Clearly, the impact of salt through the ages has been staggering.  So, why in the last 50 years has there been a push to ban the substance? 

Unfortunately, most research done on salt, has been done with the very refined and processed table salt we find on most kitchen tables these days. Modern table salt has been chemically treated and exposed to very high temperatures which remove any valuable minerals that salt contained. Refiners then add several additives to the dry salt, often including aluminum compounds (which have been connected with Alzheimer’s disease). In order to add back the natural iodine that was removed, potassium iodide is added in potentially dangerously high amounts. In order to stabilize the iodide compound, processors add dextrose, which changes the color of the salt to purple. In order to restore whiteness to the salt, a bleaching agent is added. (Nourishing Traditions 48). When the final product has been chemically and heat treated, it loses the integrity of the sun-dried sea salt that has been highly regarded for generations. If fact, when salt water fish are placed in water with table salt, they die (

Clearly, the growing evidence that salt should be avoided is absolutely true when talking about processed table salt. However, there is a huge need in the body for unrefined, pure sea salt.

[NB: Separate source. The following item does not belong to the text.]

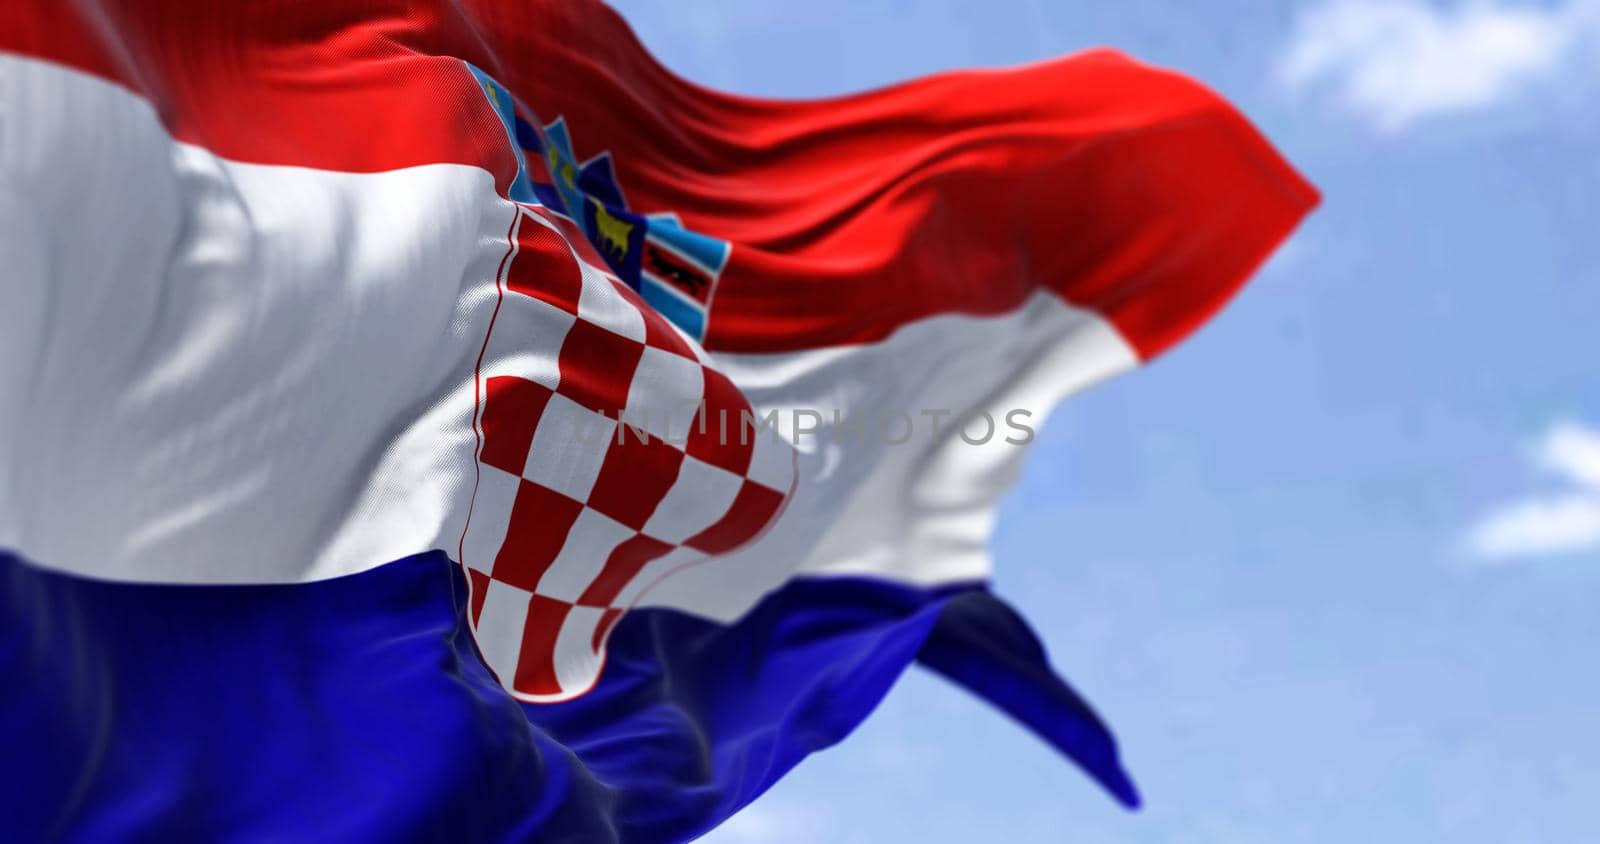 Detail of the national flag of Croatia waving in the wind on a clear day by rarrarorro

From MD Dr. Batmanghelidj’s book, “Your Body’s Many Cries for Water,” he includes all of the following as critical roles of sea salt in the body:

  • Water, salt and potassium together regulate the water content of the body
  • Salt is a natural antihistamine
  • Salt is a natural “anti-stress” agent for the body
  • Salt is essential for preserving the serotonin and melatonin levels in the brain
  • Salt is critical for maintaining muscle tone and strength
  • Salt is effective in stabilizing irregular heartbeats and contrary to the belief that salt causes high blood pressure, it is actually essential to the regulation of blood pressure
  • Salt is vital for sleep regulation and is a natural hypnotic
  • Salt is a necessary component in the treatment of diabetes and helps in the regulation of blood sugar
  • Salt is crucial to the communication and information processing nerves cells from conception to death
  • Salt is vital for the absorption of food particles through the intestinal tract
  • Salt helps clear the lungs of mucus plugs and sticky phlegm
  • Salt is essential for the prevention of muscle cramps
  • Salt is vital to making the structure of bones firm and can be helpful in those with osteoporosis
  • Salt helps maintain sexuality and libido
  • Sea salt contains about 80 mineral elements that the body needs!

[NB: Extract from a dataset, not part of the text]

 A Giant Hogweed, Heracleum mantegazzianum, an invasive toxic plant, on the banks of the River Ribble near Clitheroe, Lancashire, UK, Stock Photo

Dr. Batmanghelidj, MD recommends a half teaspoon of salt per every 10 cups consumed in order to get an adequate balance and 1.5 -3.5 teaspoons per day total with more active people on the higher end.

What kind of salt should I eat?

The short answer is, REAL salt. Look for unrefined, sea salt that is full of trace minerals and is not pure white but its natural color. Depending on where the salt is harvested from, it will contain different levels and kinds of minerals. Because of this, it is a good idea to try different kinds of sea salts to get the different benefits that each provides. Some common types of real salts include: Celtic sea salt, Himalayan salt, or black lava salt. My personal favorite is this Celtic sea salt.

It is a good thing that the body was given taste buds specifically meant to taste and enjoy salt. This was not a practical joke by the body but actually to ensure that we would eat our food with salt.